Optimal V2G Scheduling of an EV with Calendar and Cycle Aging of Battery: An MILP Approach

Since battery cost represents a substantial part of an electric vehicle’s (EV) total cost, the degradation of EV battery and how it is affected by being used in vehicle-to-grid (V2G) applications is a concern and the main argument against implementing V2G. Battery degradation is too complex in terms of non-linearity for practical optimization of V2G scheduling. This paper develops a mixed-integer linear programming (MILP) model to optimize the V2G scheduling of an EV, considering a detailed battery degradation model for calendar aging and cycle aging. In the developed model, calendar aging is affected by the state of charge, battery age, and temperature. The cycle aging is affected by temperature, C-rate, and the energy throughput of the battery. A case study is performed to minimize the annual operational cost of an EV with V2G capability for two different years of electricity cost and ambient temperature data.
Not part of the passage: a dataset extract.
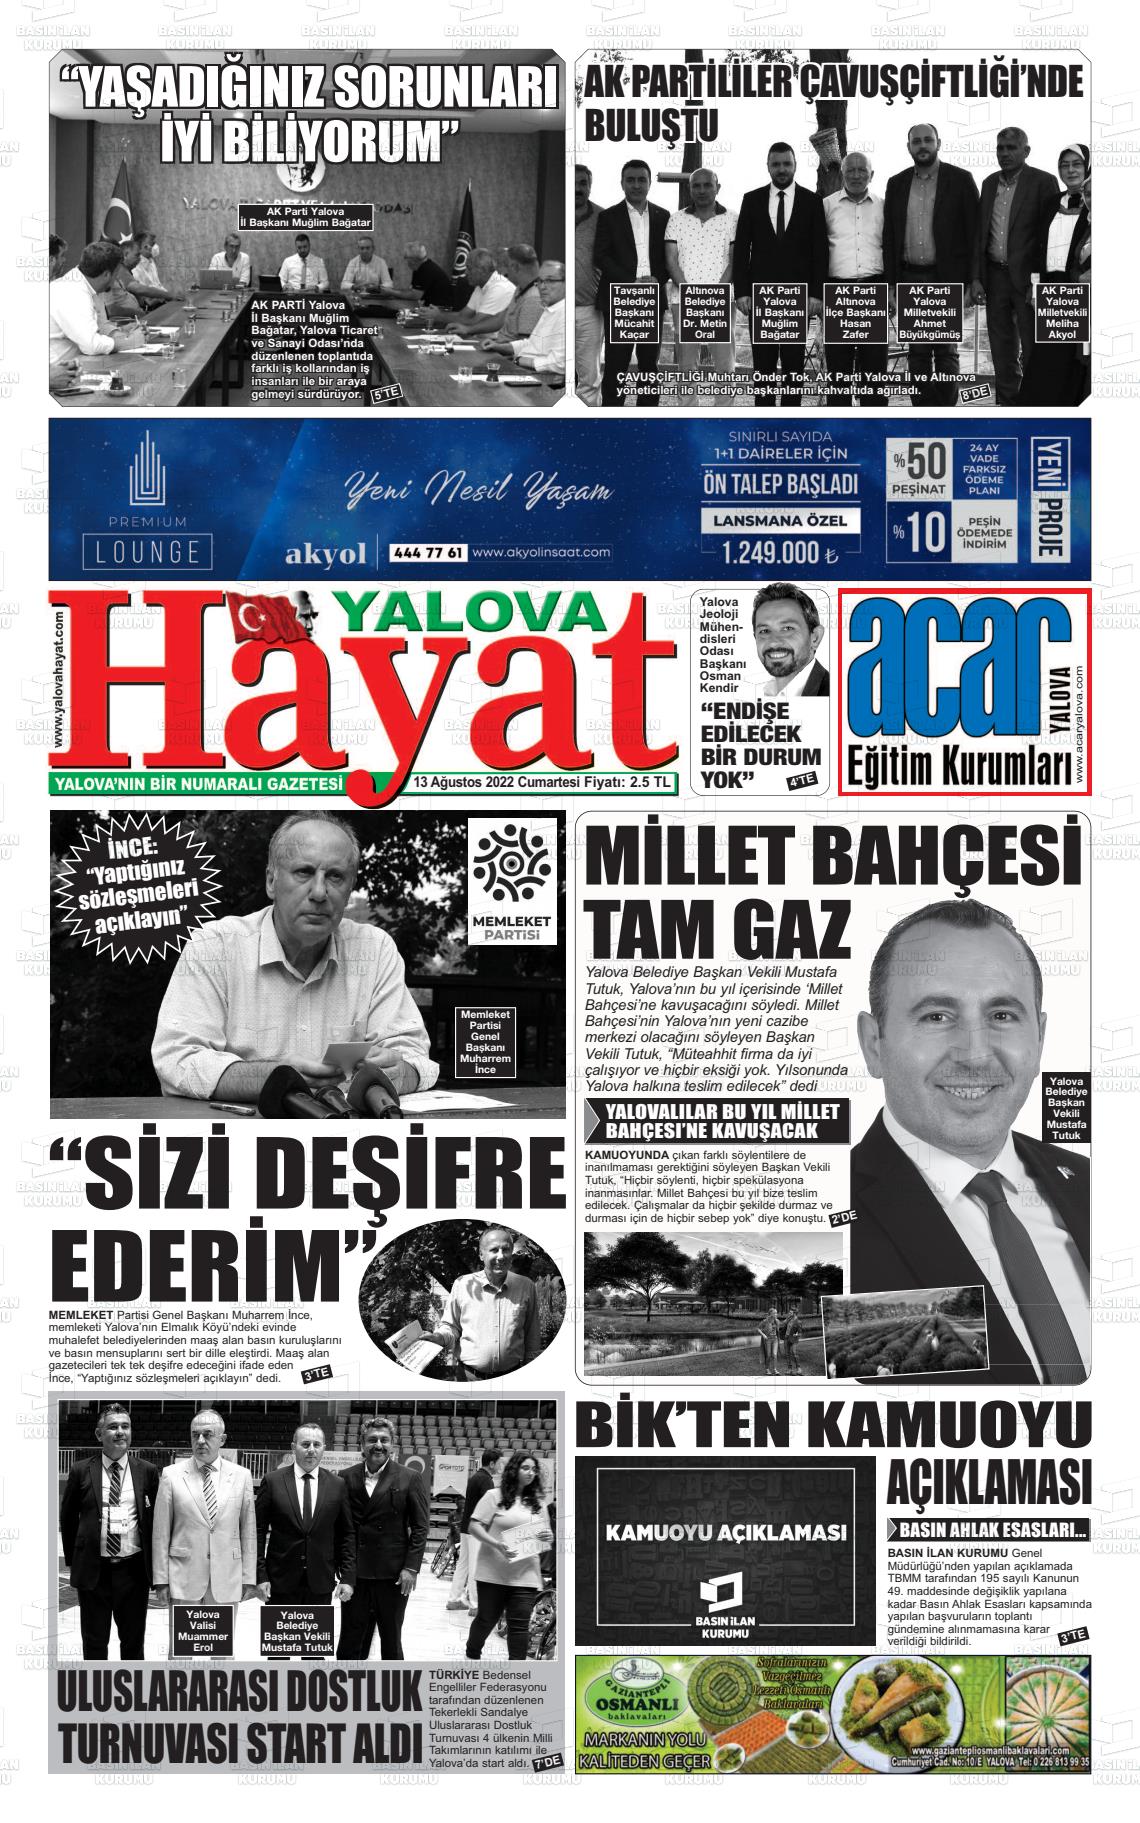 13 Ağustos 2022 Yalova Hayat Gazete Manşeti

The results of the developed model are compared with four different cases: immediate charging, smart charging algorithms without V2G, V2G without degradation cost, and V2G with degradation cost as the objective function. It is shown that the developed V2G model achieves a slightly increased cycle aging due to usage in V2G. However, it reduces the overall scheduling cost of the EV by 48-88% compared to the immediate charging and by 10-73% compared to the smart charging. Furthermore, neglecting battery degradation in optimal V2G could lead to a 28% increase in scheduling cost.